/ 30 January 2004

Talking peace, making war

After fighting the longest civil war in Africa, the Sudanese People’s Liberation Army (SPLA) is now fuming over the delay in negotiations aimed at ending the conflict.

Talks in the Kenyan town of Nairasha have been postponed until February 17 to allow Muslim negotiators such as Vice-President Ali Osman Mohamed Taha to attend the hajj.

SPLA spokesperson Samson Kwaje recalls, however, that the negotiations were stopped for a single day over Christmas because the parties were hoping for a comprehensive agreement by the end of January.

Disputes between the largely Muslim north and the Christian and animist south have fuelled the war in Africa’s largest country — which is more than twice the size of South Africa.

Now oil has added a new dimension to a country where war has raged for all but a decade since it gained independence from Britain in 1956.

Sudan is currently earning $2-billion a year from the 250 000 barrels of oil it pumps daily. Plans are in place to increase that to 500 000 barrels a day by next year, although industry analysts say this is excessively optimistic.

The oil discovery has put Sudan on the map as a potential success, rather than an apparent disaster.

Oil-starved China, India and Malaysia are currently heading the field in exploration and exploitation. But Shell, Exxon and Total are not far behind.

The United States is taking an intense interest in the Sudanese peace process, firstly because the country is a source of this vital commodity and secondly to neutralise any possibility of it becoming a haven for al-Qaeda and other extremist Muslim groups.

Real hope for peace dawned in Sudan last month when the northern government and the rebel south signed an agreement to split the

oil wealth 50-50, with each contributing a small cut to the producing region.

The oil fields are mainly in the south but straddle the north-south divide. The two sides have agreed to draw up a new Constitution in six months and to give that founding document six years to be bedded down. At that stage, the south would be expected to have a referendum on its future.

Issues like the control of the Abjei, Blue Nile and Nuba Mountains districts remain to be negotiated. But even when these are settled, as SPLA political leader John Garang believes it will be, a number of local and regional hurdles loom.

Fighting in the western area of Darfur has intensified. In the past month 18 000 refugees from that area have fled into Chad, joining the 100 000 already there.

Refugees complain that the government is operating a scorched earth policy, destroying the crops and farms of those who have fled.

With two million dead and twice as many displaced by the war, a huge peace dividend is in the offing for the devastated south.

Journalists visiting the area are shocked at how people have survived in what is effectively a wasteland.

Matters are complicated by the fact that the major rebel group in Darfur is Muslim. In fact, the Muslim north and Christian south illustration is an over simplification. The northern government of Omar Bashir is in effect a small ruling clique and more than two million non-Muslims live in the capital, Khartoum.

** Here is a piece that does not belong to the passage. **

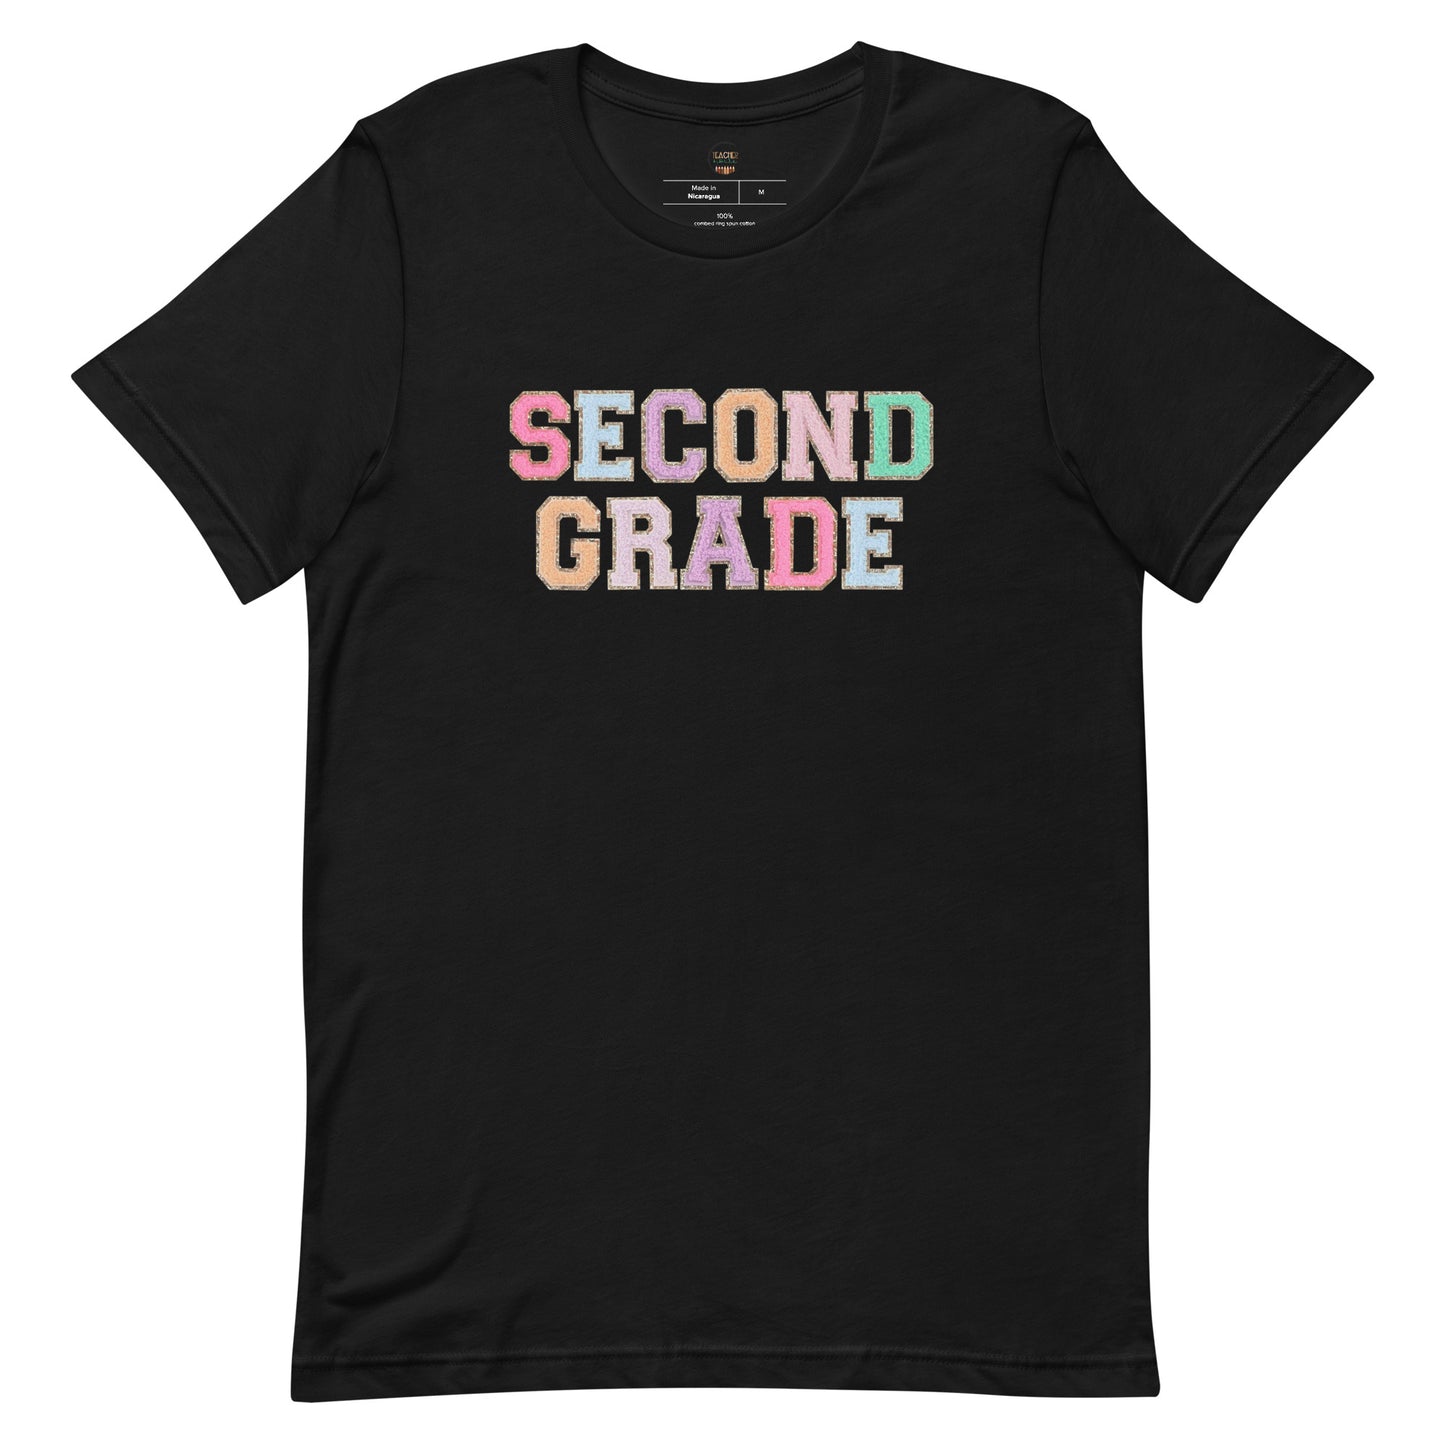 Second Grade Teacher Shirt (faux letter patches)

Garang and his rebel leadership are themselves members of the minority Dinka tribe that will have its work cut out maintaining control if and when the south gains independence.

Kenya and Uganda, who have traditionally supported the SPLA, would be expected to support such a move. For Uganda, a Sudanese settlement that closes that country as a refuge for the rebel Lord’s Resistance Army would be a bonus.

A split Sudan would be abhorrent to the Arab League and its founding mission of Arab unity. It would be absolute anathema to Egypt to have yet another state along the Nile, which is its lifeline.

With a peace agreement in the bag, much of the energy of Garang and his leadership will have to be focused on developing and rebuilding.

Garang has persistently made bullish noises about the prospects for peace. However his supporters in the West continue to warn that the Sudanese government is talking peace but continuing to make war.

At this crucial time, they say, it is vital to check any bid by Khartoum to win at the negotiating table what it could not gain on the battlefield.

They accuse it of continued human rights violations in its determination to create a fundamentalist state throughout the country.